Smart Linking

The Smart Linking generator is intended for use-cases requiring high-fidelity mimicked data. This generator uses deep neural networks to learn models of your data, which can be sampled to generate new, synthetic rows which faithfully mimic the statistical properties of your data. The expressiveness of deep neural networks allows this generator to capture subtle relations in the data that may be difficult to express with linking and partitioning generators. Moreover, these relationships are learned from the data, rather than specified by the user. Since this generator uses neural networks to learn from the data, performance will be limited by the time required to train a model.

Smart Linking can be used in place of the continuous and categorical generators to build high-fidelity synthetic data. Select multiple columns of numeric, categorical, or location data, then select the Smart Linking generator. Tonic will train a model which represents all of these selected columns in a given table. Note that at most one Smart Linking model is trained per table.

Using the Smart Linking generator

Tonic will identify the type of the column, but you can toggle these type annotations, for example, if a numeric column represents an enum, you can specify that column as categorical. Moreover, categorical columns can be annotated as Location.

Annotating column type

Model training will start when you click Generate, and this may take some time, depending on the size of your table and the number of tables with the Smart Linking generator. For example, a table with 30 Smart Linking columns and 200,000 rows can require 2.5 hours of training. You can inspect the status of the model training in the Job view.

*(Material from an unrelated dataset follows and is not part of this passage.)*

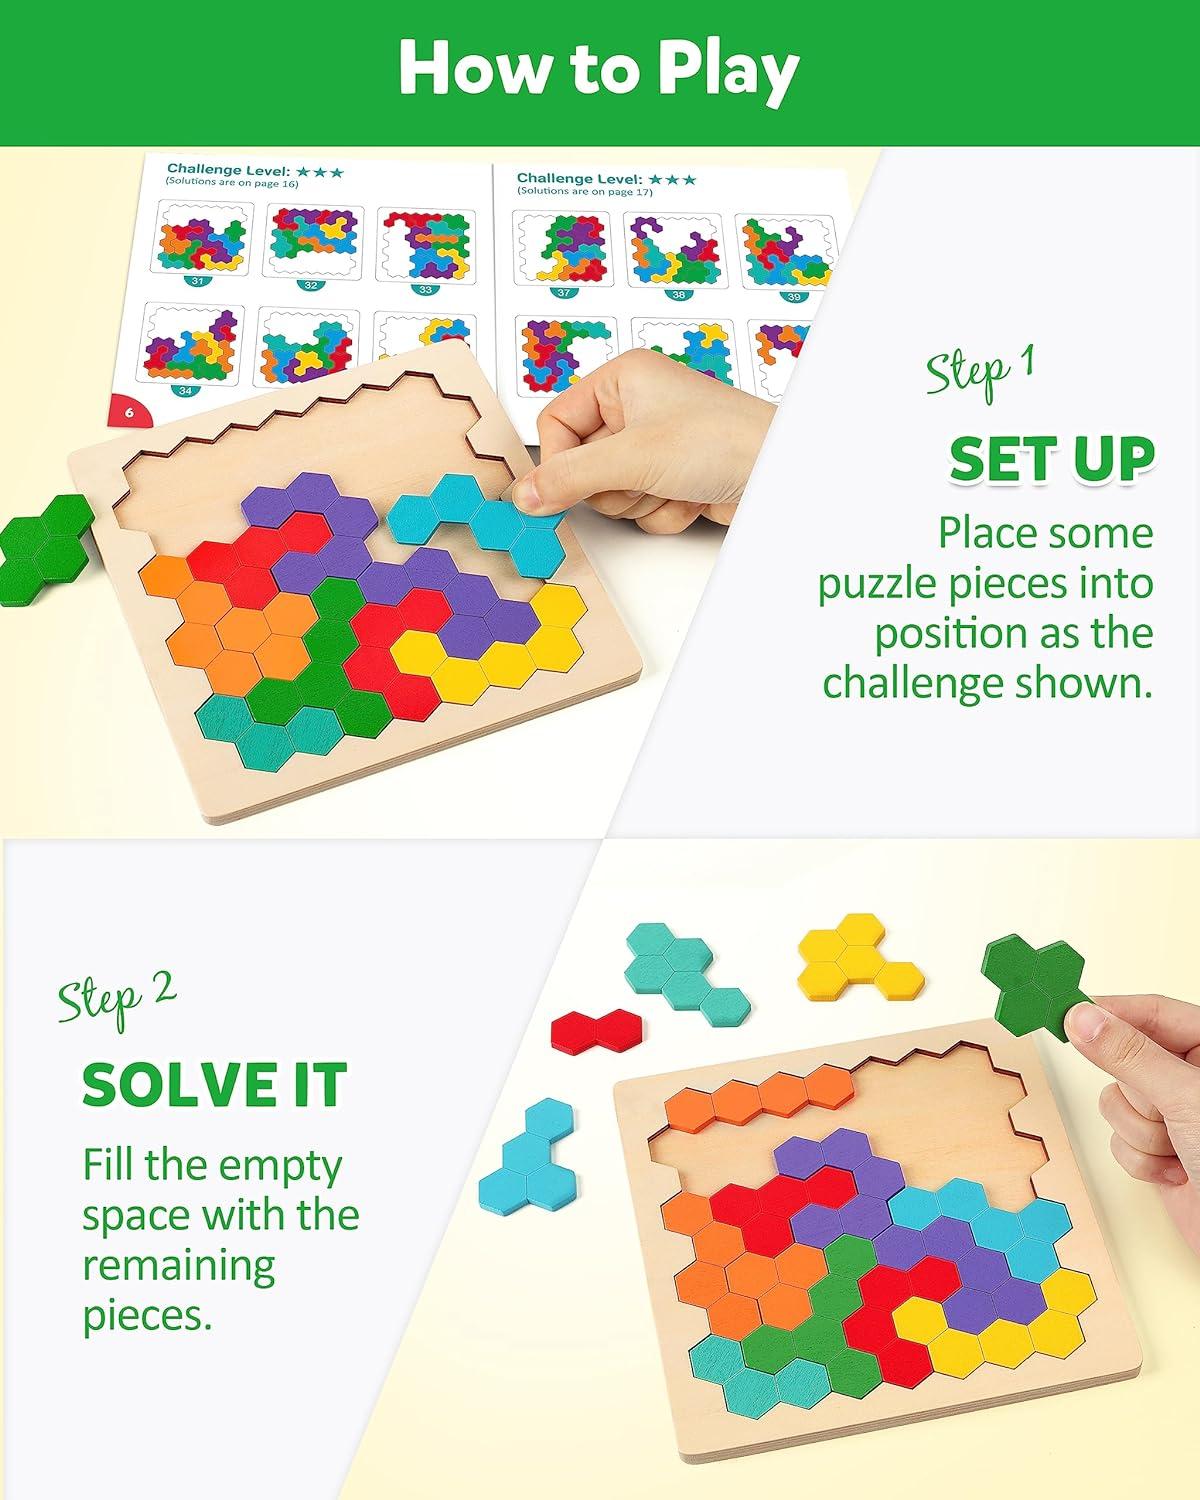 Stimulate Young Minds with Tangram Puzzles - An Ancient Geometric Puzzle Revived

Job Status during model training

Once the model has trained, the new synthetic data will quickly write to your output database.

Environmental Variables

TONIC_NN_EPOCHS

Defaults to 300. This is the number of epochs, or iterations over the training data, that each Smart Linking model

TONIC_NN_MAX_CATEGORICAL_DIMENSION

Defaults to 35. This is the maximum number of distinct values of a categorical column that the generative model will try to model. If the data contains more distinct values than this cutoff, less-frequent values will be lumped together by the model. In order to preserve the character of your data, these will be converted back to a sample of the combined values.